2016 China Stock Appreciation Rights Plan
In April 2016, the Company adopted the 2016 China Stock Appreciation Rights Plan (as amended, the “China SAR Plan”) for its employees in China. These awards, which are granted to new employees, generally vest over four years with 25% vesting on the one year anniversary of the award and the remainder vesting monthly over the next 36 months of the grantee’s service to the Company. Awards granted to existing employees generally vest quarterly over a period of four years, subject to the grantee’s continued service to the Company. The China SAR Plan units are cash settled upon exercise and will be paid as a cash bonus equal to the difference between the strike price of the vested plan units and the fair market value of common stock at the end of each reporting period.
As of November 1, 2021, the Company does not expect to grant stock appreciation rights in the future and will instead grant RSUs to its employees in China.

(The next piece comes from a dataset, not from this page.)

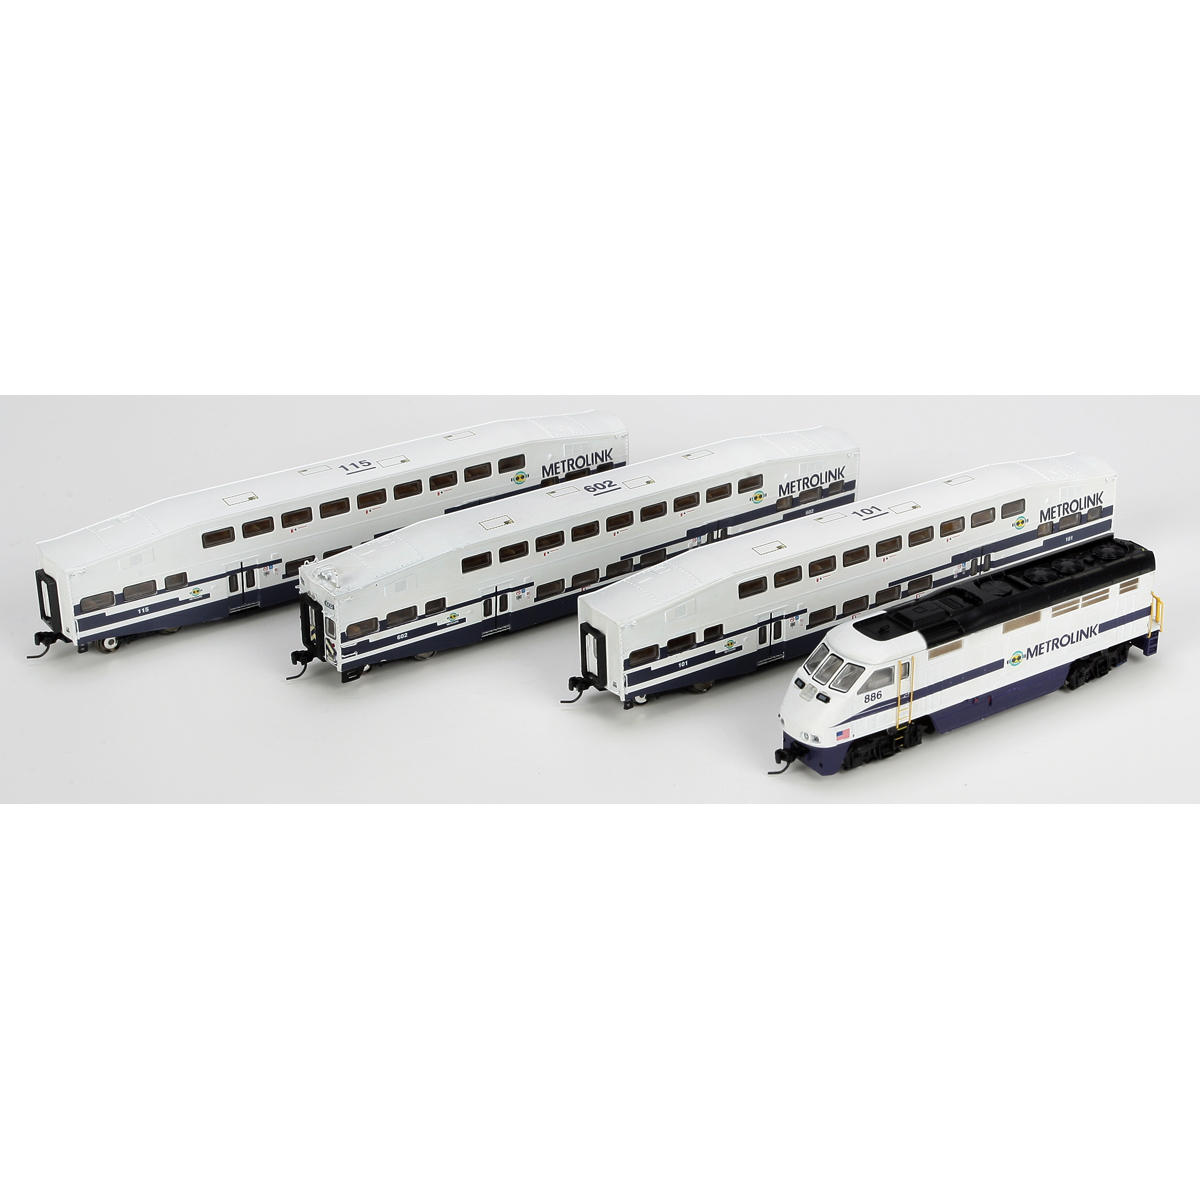 N Scale - Athearn - 25982 - Passenger Car, Commuter, Bombardier Multi-Level - Metrolink - 4 numbers

Therefore, no China SAR Plan units were granted for the years ended January 31, 2025 and 2024.
During the years ended January 31, 2025, 2024 and 2023, upon the vesting of 231, 619 and 1,141 units, respectively, the total expense recognized related to China SAR was $1.6 million, $3.3 million and $2.5 million, respectively. As of January 31, 2025 and 2024, the Company’s liability balance related to the China SAR Plan was $3.1 million and $5.8 million, respectively. These amounts were recorded as part of the accrued compensation and benefits on the Company’s consolidated balance sheets and recognized as bonus expense in the Company’s consolidated statements of operations. During the year ended January 31, 2025, the Company paid $0.9 million in cash upon the exercise of 3,354 units. As of January 31, 2025, there were 11,744 China SAR Plan units outstanding of which no units remained unvested.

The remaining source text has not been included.